- **Data provided**:
• • •
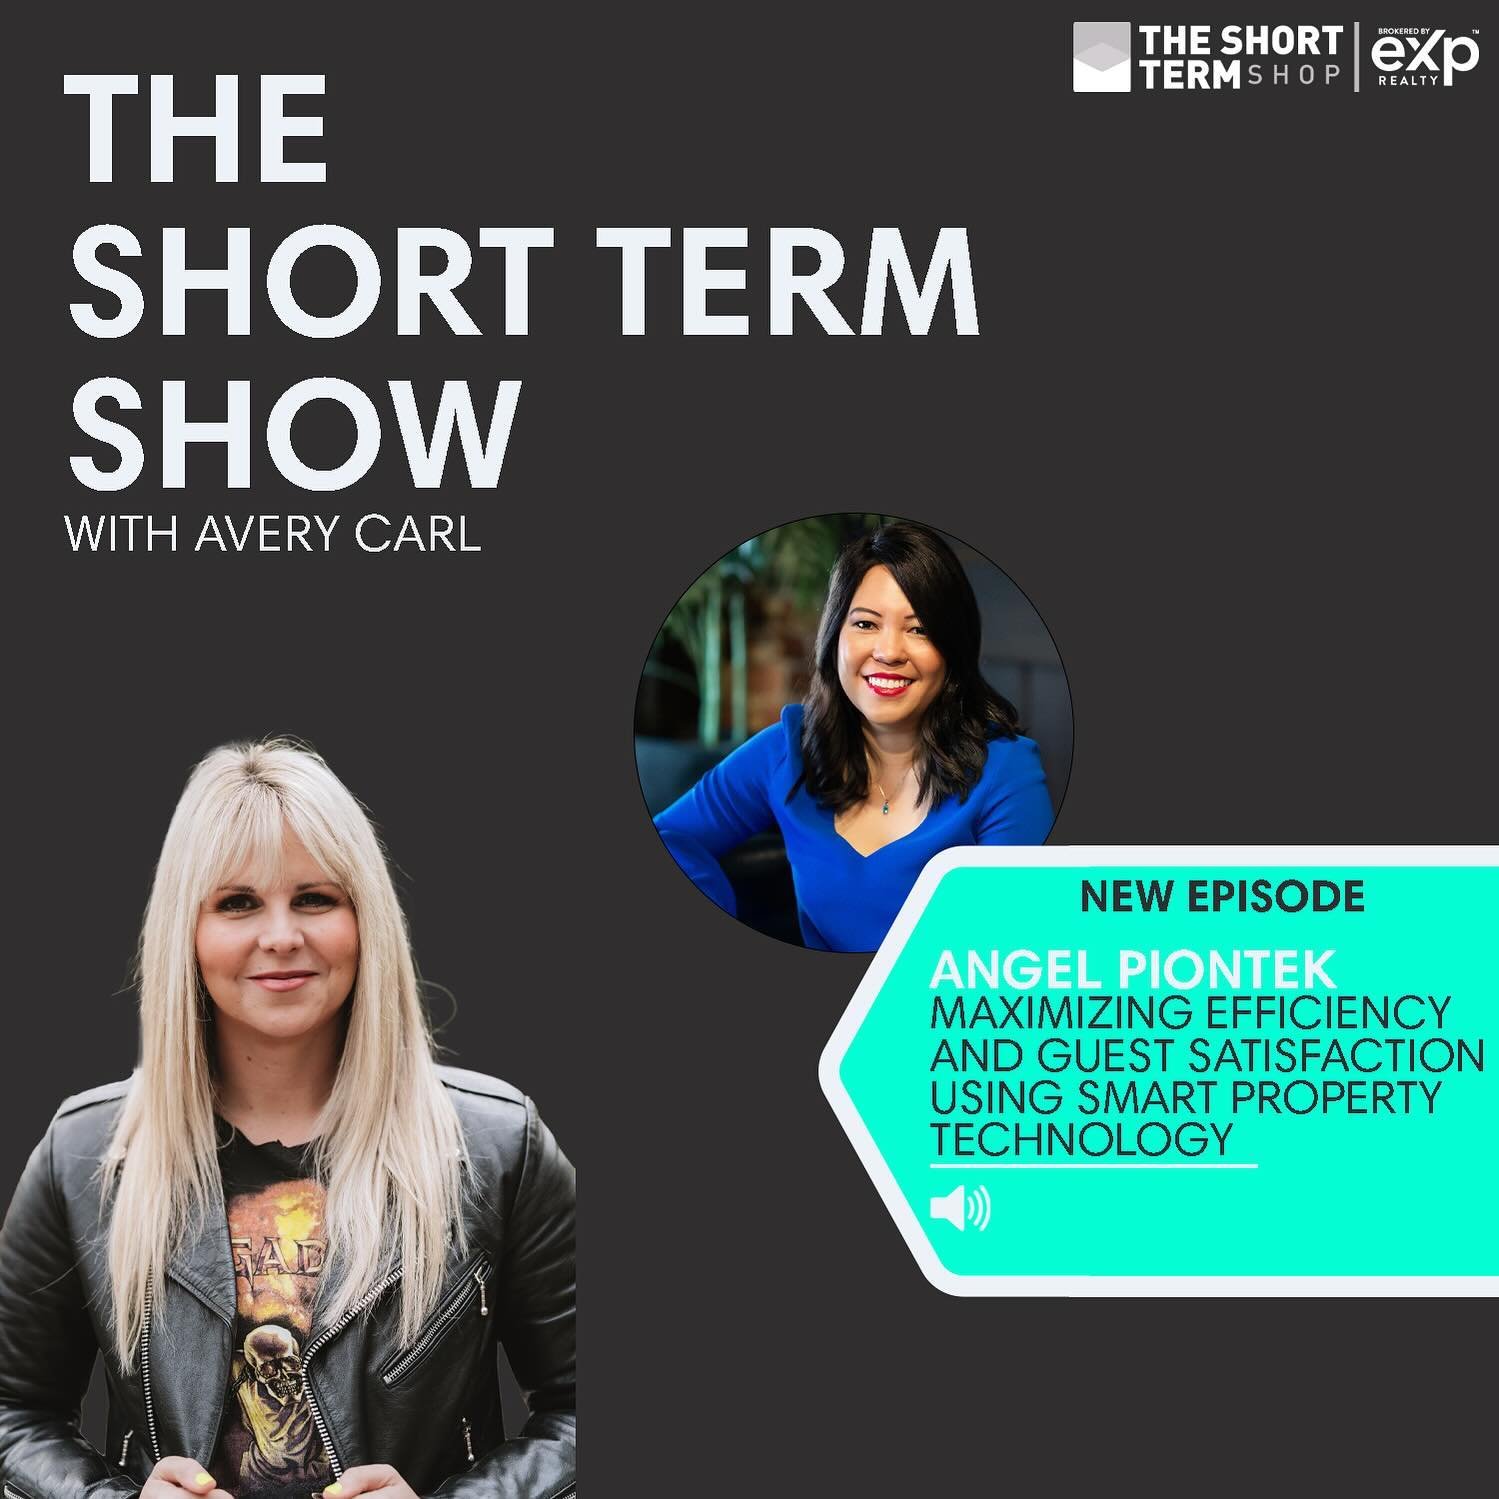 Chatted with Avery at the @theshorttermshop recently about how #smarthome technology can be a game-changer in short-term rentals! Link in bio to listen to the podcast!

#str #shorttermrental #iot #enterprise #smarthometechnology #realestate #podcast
• • •
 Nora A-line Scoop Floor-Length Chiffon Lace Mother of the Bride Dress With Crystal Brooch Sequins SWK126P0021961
• • •
If a picture sits between the line containing "Chatted with Avery" and the line containing "#str #shorttermrental #iot", leave it out, and return the lines of that range above exactly, both ends included.

- **Result of this exercise**:
 Chatted with Avery at the @theshorttermshop recently about how #smarthome technology can be a game-changer in short-term rentals! Link in bio to listen to the podcast!

#str #shorttermrental #iot #enterprise #smarthometechnology #realestate #podcast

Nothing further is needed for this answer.